Участник шведской кампании, впоследствии русский литератор с весьма своеобразной репутацией, Фаддей Булгарин в своих воспоминаниях пишет: «Саволакские стрелки, самые опасные наши неприятели в этой неприступной стране, были крестьяне лесистой и болотистой области Саволакса… Они были одеты в серые брюки и куртки из толстого сукна и имели круглые шляпы. Амуниция их была из простой чёрной сапожной кожи. В мирное время эти стрелки жили по домам своим, занимались хлебопашеством, рыболовством и звериными промыслами, и собирались ежегодно на несколько недель на ученье. Они дорожили ружейным зарядом и редко пускали пулю наудачу… Все они дрались храбро и были чрезвычайно ожесточены против русских».

Ну, и русские отвечали тем же. Булгарин описывает один случай.

«…Толпа казаков слезла с лошадей и чем-то занималась в стороне, шагах в двадцати от дороги… И что же?.. Человек десять саволакских егерей, которых нагнали и забрали казаки, лежали раздетые в яме, а казаки, стоя в кружок, кололи их пиками… Нестеров[4 - Казацкий атаман.] сидел на лошади, смотрел спокойно на эту ужасную сцену и, сняв шапку, приговаривал: “Слава те господи! Погубили врагов белого царя! Туда и всем им дорога!..”»
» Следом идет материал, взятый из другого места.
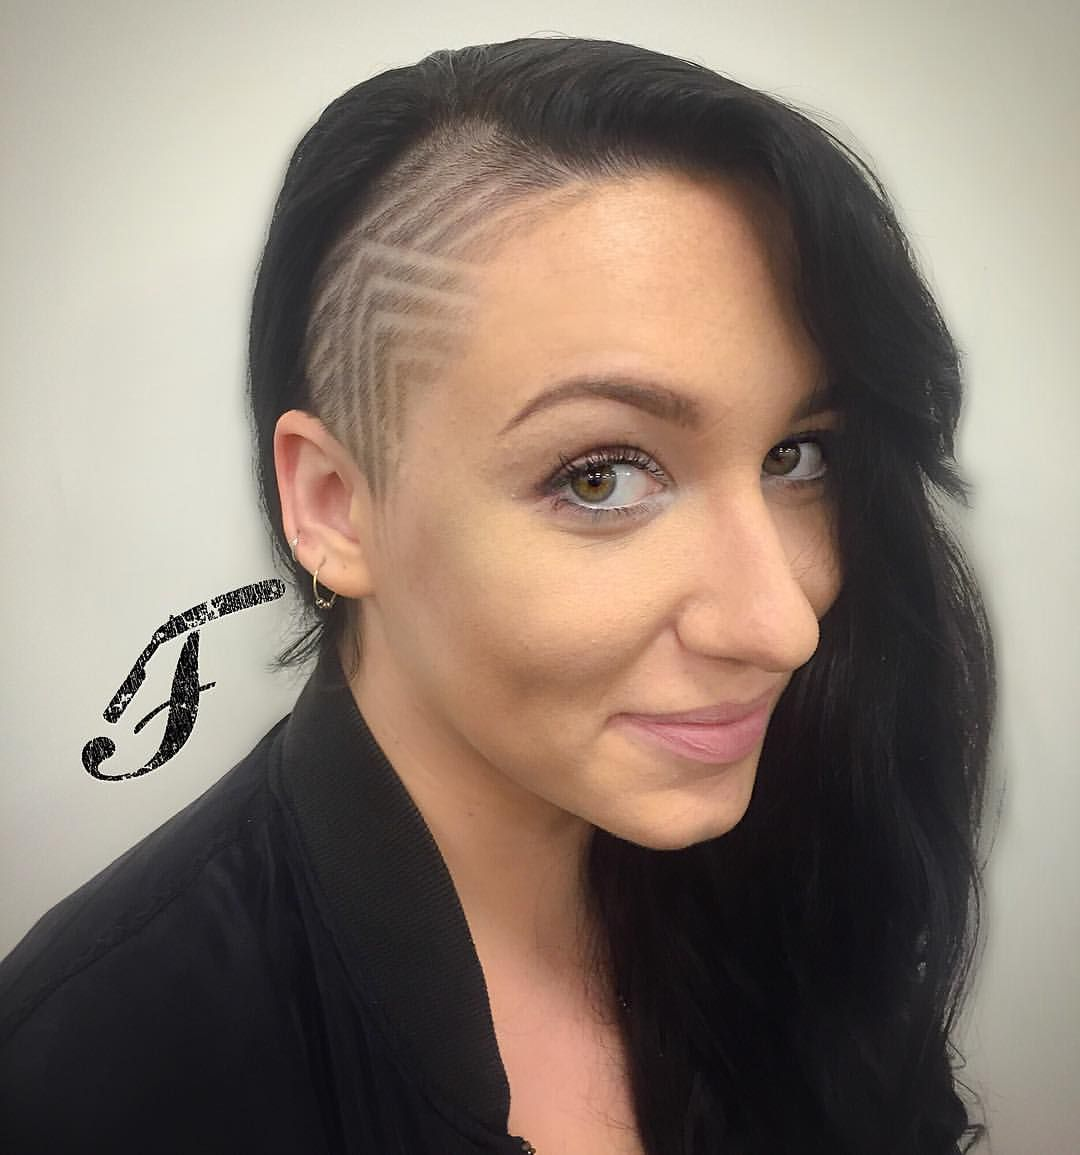 Sidecut Hair Tattoo Sidecuts Amp Undercuts Pinterest

Булгарин считает нужным добавить: «…Должно заметить, что взбунтованные крестьяне так же зверски умерщвляли наших солдат, захватив их врасплох».

Казаками – может, и не этими, но другими такими же головорезами, – Давыдов будет не раз командовать, и с отменным успехом.

Летом шведы начали наступление, стремясь вернуть потерянные финские земли, и несколько потеснили русских на юг. Гам-ле-Карлеби авангарду Кульнева пришлось оставить; но вскоре русские туда снова вернулись.

Давыдов участвовал во многих делах, в том числе, согласно формулярному списку, в сражении под Оровайсом.

Подробное описание этого дела оставил Фаддей Булгарин: «Между селениями Оровайсом и Карват Ботнический залив образует небольшую губу, довольно протяжённую внутрь земли острым своим концом. Вдоль морского берега пролегает большая дорога из Вазы в Ню-Карлеби и поворачивает влево в конце губы. На этом-то повороте была укреплённая шведская позиция. В море впадает в этом месте небольшая речка, протекающая через болота… Кирка Оровайси лежит за позициею, также на возвышении. Шведы примыкали своим правым крылом к утесистому берегу моря, где имели несколько канонерских лодок. На горе, в центре позиции, на большой дороге устроены были их батареи. Отсюда тянулись шанцы к полям и лугам до возвышений и утёсов, прикрывающих левый фланг, оканчивающийся в непроходимом лесу, заваленном засеками. Первая черта позиции была вышеупомянутая речка и болота, а кроме того, в разных местах были засеки, оберегаемые стрелками. Нельзя было приблизиться к позиции иначе, как под картечными выстрелами… Перед этою главною позициею была другая, также укреплённая, возле небольшого озера, из которого вытекает другая речка, также впадающая в море. За мостом находится мельница, за которою устроена была батарея, а вдоль рек проделаны засеки. В этом месте завязалось сражение, в двух верстах от кирки Оровайси.

Шведские посты были сначала сбиты и отступили к мосту. Стрелки наши растянулись правым флангом за озеро, а левым примкнули к морю и намеревались обойти озеро».

Шведы атаковали русских егерей на левом фланге и начали их теснить.

Тут в дело вступили Кульнев, Давыдов и бравые их ребята. Натиск был остановлен.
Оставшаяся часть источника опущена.